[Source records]
* * * * * * *

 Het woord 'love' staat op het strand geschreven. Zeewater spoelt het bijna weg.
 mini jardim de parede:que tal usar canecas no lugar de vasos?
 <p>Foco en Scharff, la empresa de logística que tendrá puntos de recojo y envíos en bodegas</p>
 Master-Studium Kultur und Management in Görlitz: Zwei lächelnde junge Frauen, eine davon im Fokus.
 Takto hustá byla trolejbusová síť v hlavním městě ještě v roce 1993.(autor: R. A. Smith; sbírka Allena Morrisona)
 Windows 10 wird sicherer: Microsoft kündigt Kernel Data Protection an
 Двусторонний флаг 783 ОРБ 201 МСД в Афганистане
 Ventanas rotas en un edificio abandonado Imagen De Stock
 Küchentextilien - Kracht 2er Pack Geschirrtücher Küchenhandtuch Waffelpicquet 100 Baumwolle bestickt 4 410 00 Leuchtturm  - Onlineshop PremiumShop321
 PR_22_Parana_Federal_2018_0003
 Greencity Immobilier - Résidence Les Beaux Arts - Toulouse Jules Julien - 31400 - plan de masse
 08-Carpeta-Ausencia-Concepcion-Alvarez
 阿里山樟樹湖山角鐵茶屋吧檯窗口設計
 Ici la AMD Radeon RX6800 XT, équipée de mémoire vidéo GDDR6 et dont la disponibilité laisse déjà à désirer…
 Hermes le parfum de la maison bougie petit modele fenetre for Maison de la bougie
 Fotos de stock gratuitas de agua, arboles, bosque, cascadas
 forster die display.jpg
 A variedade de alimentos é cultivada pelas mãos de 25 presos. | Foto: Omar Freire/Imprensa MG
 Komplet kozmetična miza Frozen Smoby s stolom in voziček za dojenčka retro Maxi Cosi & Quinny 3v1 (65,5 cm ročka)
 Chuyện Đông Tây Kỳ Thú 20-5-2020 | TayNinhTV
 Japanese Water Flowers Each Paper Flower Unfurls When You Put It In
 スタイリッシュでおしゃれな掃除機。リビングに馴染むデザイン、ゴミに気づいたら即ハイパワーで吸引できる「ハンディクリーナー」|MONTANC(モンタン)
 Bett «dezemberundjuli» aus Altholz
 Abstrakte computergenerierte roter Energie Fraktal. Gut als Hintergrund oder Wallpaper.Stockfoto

* * * * * * *

Recopy the entries above in their entirety, exactly.

### RESULT OF THE TASK
 Het woord 'love' staat op het strand geschreven. Zeewater spoelt het bijna weg.
 mini jardim de parede:que tal usar canecas no lugar de vasos?
 <p>Foco en Scharff, la empresa de logística que tendrá puntos de recojo y envíos en bodegas</p>
 Master-Studium Kultur und Management in Görlitz: Zwei lächelnde junge Frauen, eine davon im Fokus.
 Takto hustá byla trolejbusová síť v hlavním městě ještě v roce 1993.(autor: R. A. Smith; sbírka Allena Morrisona)
 Windows 10 wird sicherer: Microsoft kündigt Kernel Data Protection an
 Двусторонний флаг 783 ОРБ 201 МСД в Афганистане
 Ventanas rotas en un edificio abandonado Imagen De Stock
 Küchentextilien - Kracht 2er Pack Geschirrtücher Küchenhandtuch Waffelpicquet 100 Baumwolle bestickt 4 410 00 Leuchtturm  - Onlineshop PremiumShop321
 PR_22_Parana_Federal_2018_0003
 Greencity Immobilier - Résidence Les Beaux Arts - Toulouse Jules Julien - 31400 - plan de masse
 08-Carpeta-Ausencia-Concepcion-Alvarez
 阿里山樟樹湖山角鐵茶屋吧檯窗口設計
 Ici la AMD Radeon RX6800 XT, équipée de mémoire vidéo GDDR6 et dont la disponibilité laisse déjà à désirer…
 Hermes le parfum de la maison bougie petit modele fenetre for Maison de la bougie
 Fotos de stock gratuitas de agua, arboles, bosque, cascadas
 forster die display.jpg
 A variedade de alimentos é cultivada pelas mãos de 25 presos. | Foto: Omar Freire/Imprensa MG
 Komplet kozmetična miza Frozen Smoby s stolom in voziček za dojenčka retro Maxi Cosi & Quinny 3v1 (65,5 cm ročka)
 Chuyện Đông Tây Kỳ Thú 20-5-2020 | TayNinhTV
 Japanese Water Flowers Each Paper Flower Unfurls When You Put It In
 スタイリッシュでおしゃれな掃除機。リビングに馴染むデザイン、ゴミに気づいたら即ハイパワーで吸引できる「ハンディクリーナー」|MONTANC(モンタン)
 Bett «dezemberundjuli» aus Altholz
 Abstrakte computergenerierte roter Energie Fraktal. Gut als Hintergrund oder Wallpaper.Stockfoto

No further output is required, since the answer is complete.